The task: You are asked to copy the entire listing exactly, apart from its pictures.

Provided material:
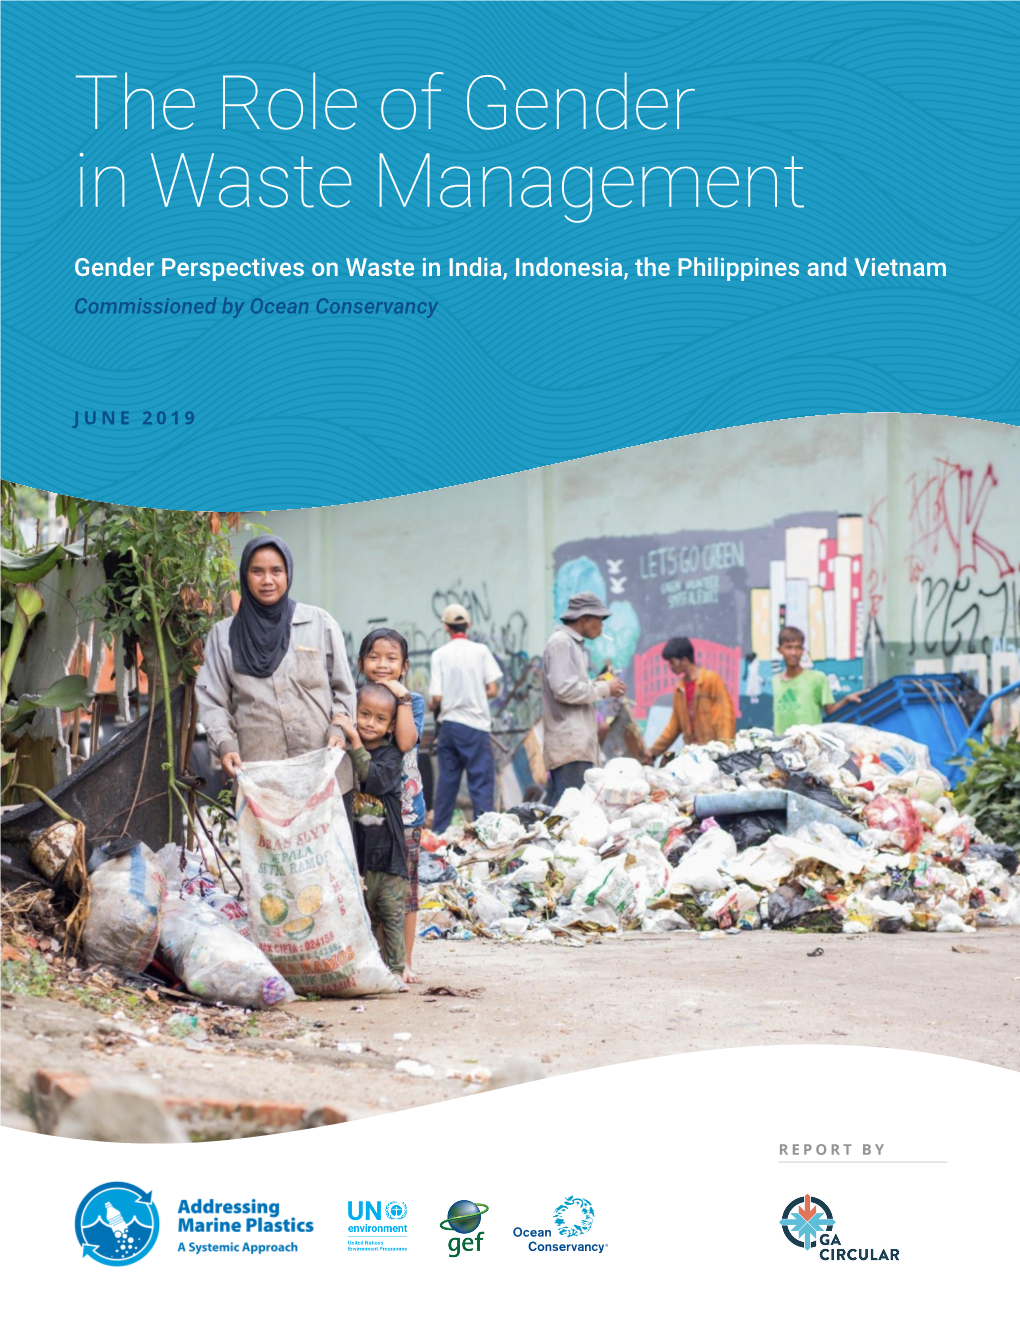 The Role of Gender in Waste Management
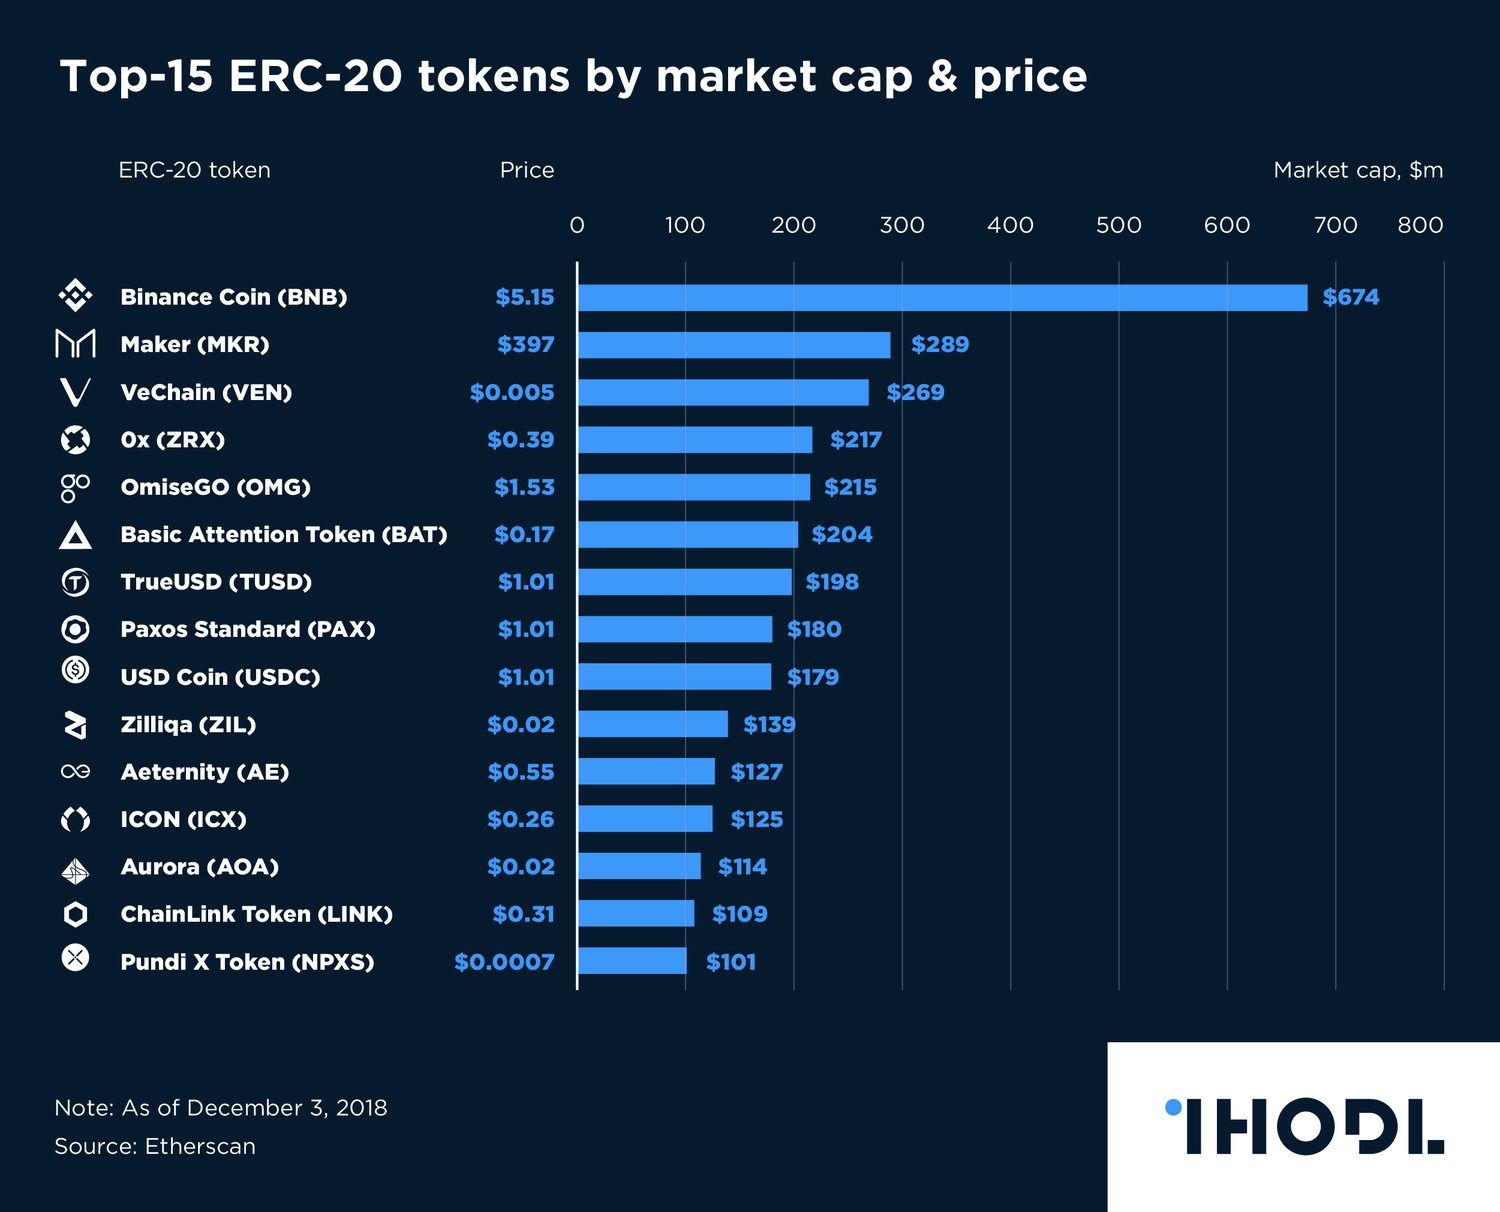 erc-20 tokens uncorrelated from crypto market
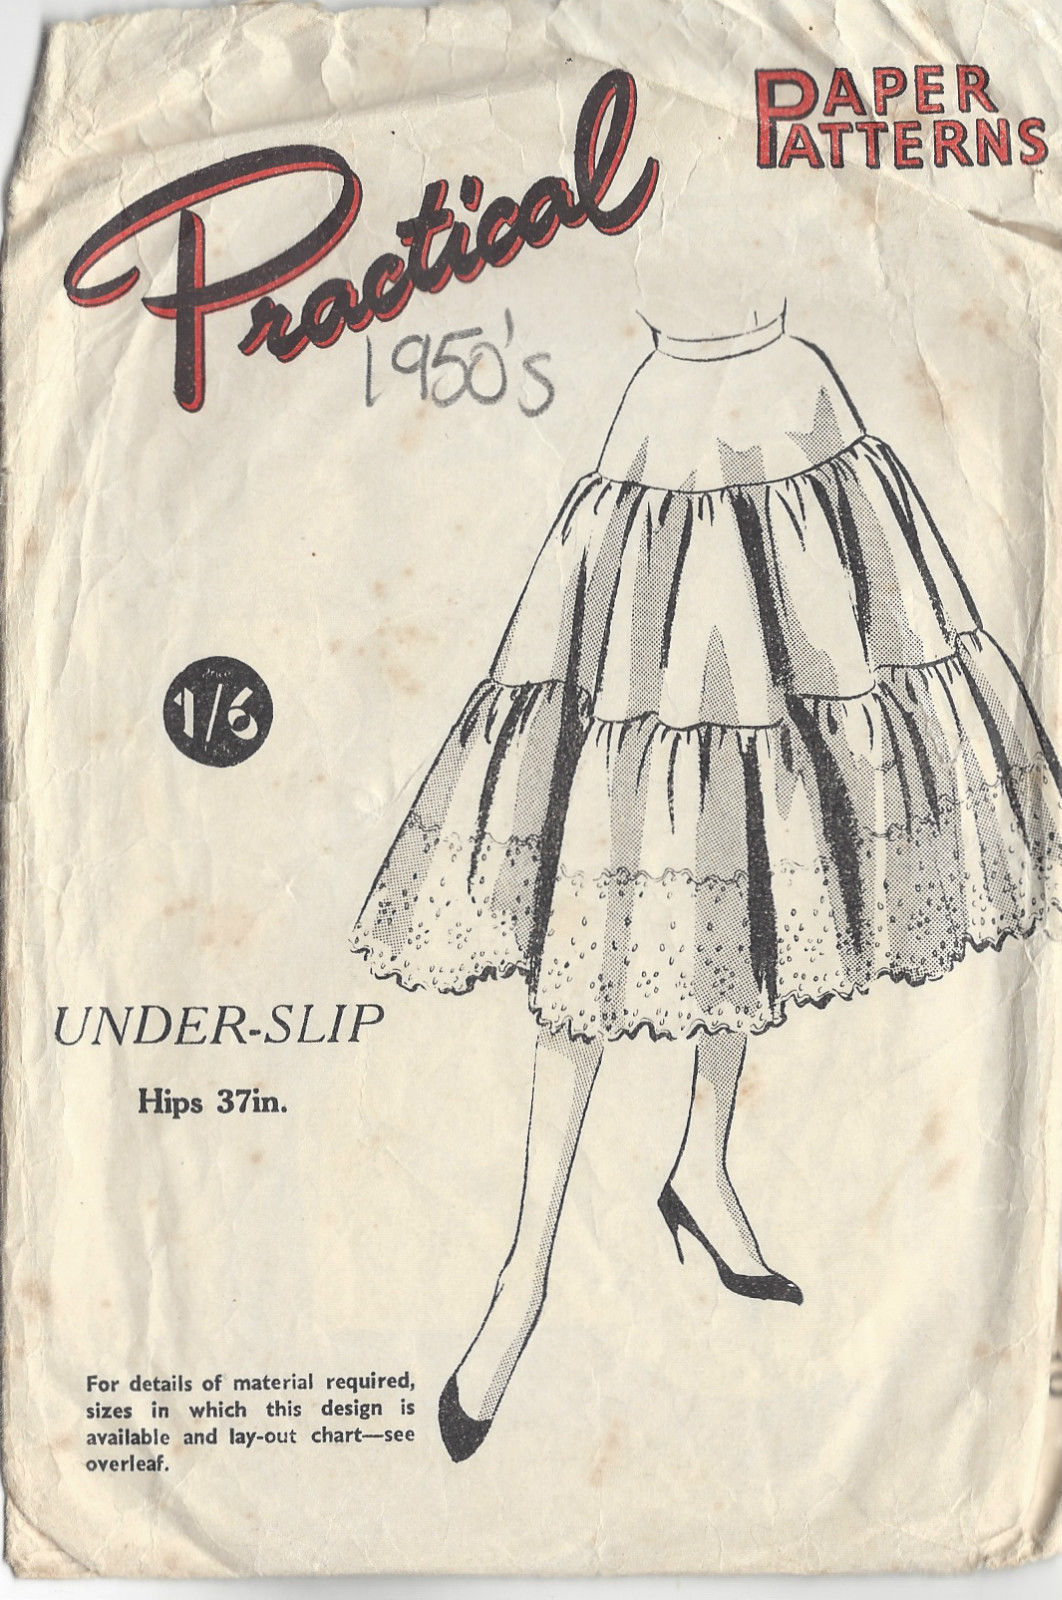 Beautiful Fashion Designs by Luis Estévez in the 1950s and '60s ~ Vintage  Everyday
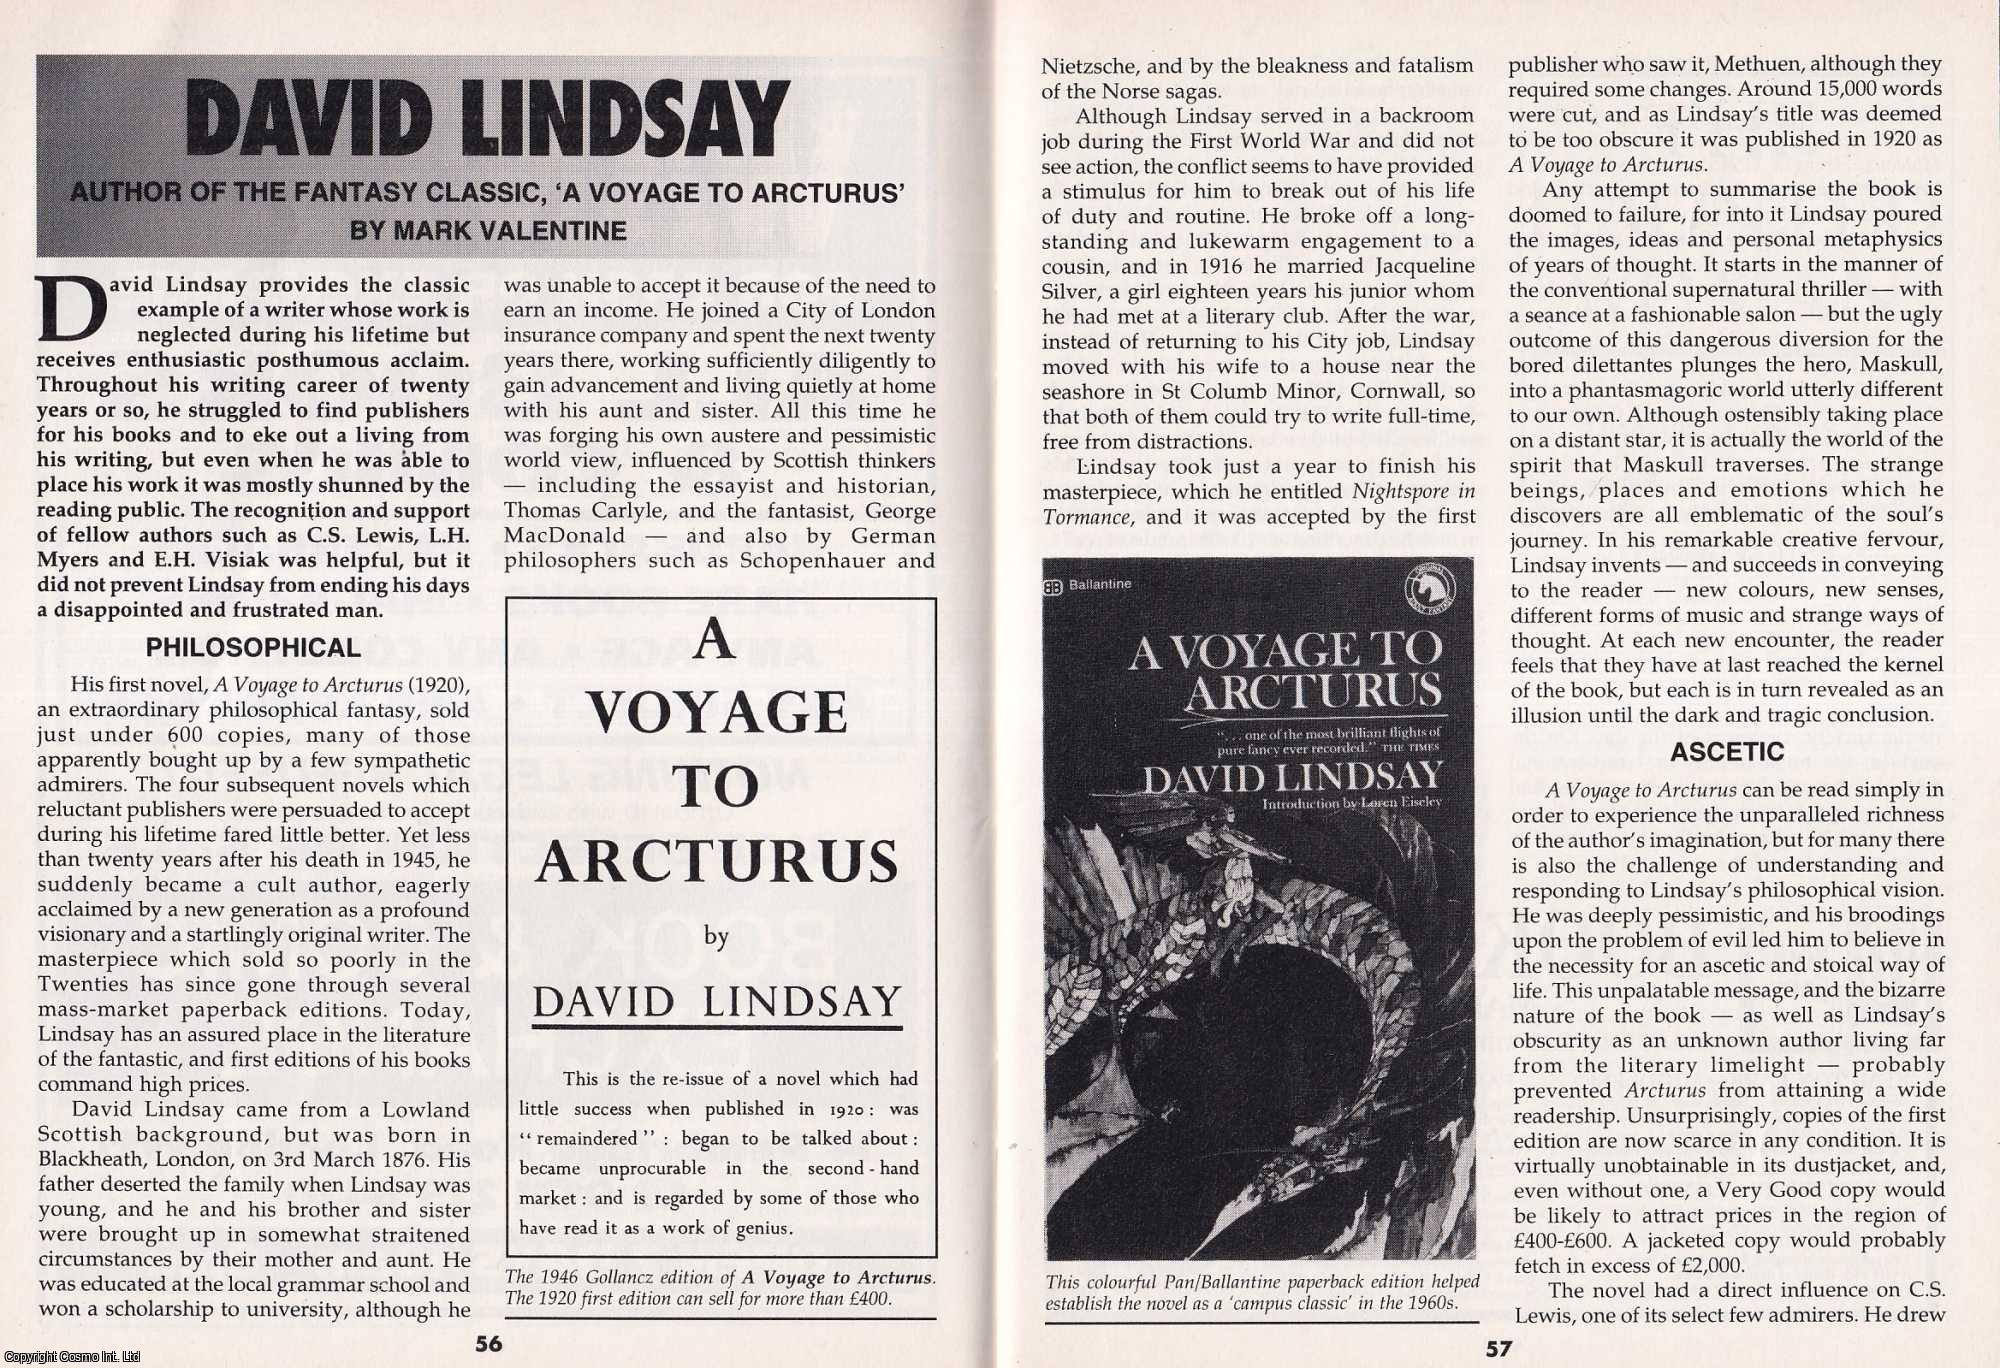 Mark Valentine - David Lindsay. Author of The Fantasy Classic A Voyage to Arcturus. This is an original article separated from an issue of The Book & Magazine Collector publication.

Response to the exercise:
 The Role of Gender in Waste Management
 erc-20 tokens uncorrelated from crypto market
 Beautiful Fashion Designs by Luis Estévez in the 1950s and '60s ~ Vintage  Everyday
 Mark Valentine - David Lindsay. Author of The Fantasy Classic A Voyage to Arcturus. This is an original article separated from an issue of The Book & Magazine Collector publication.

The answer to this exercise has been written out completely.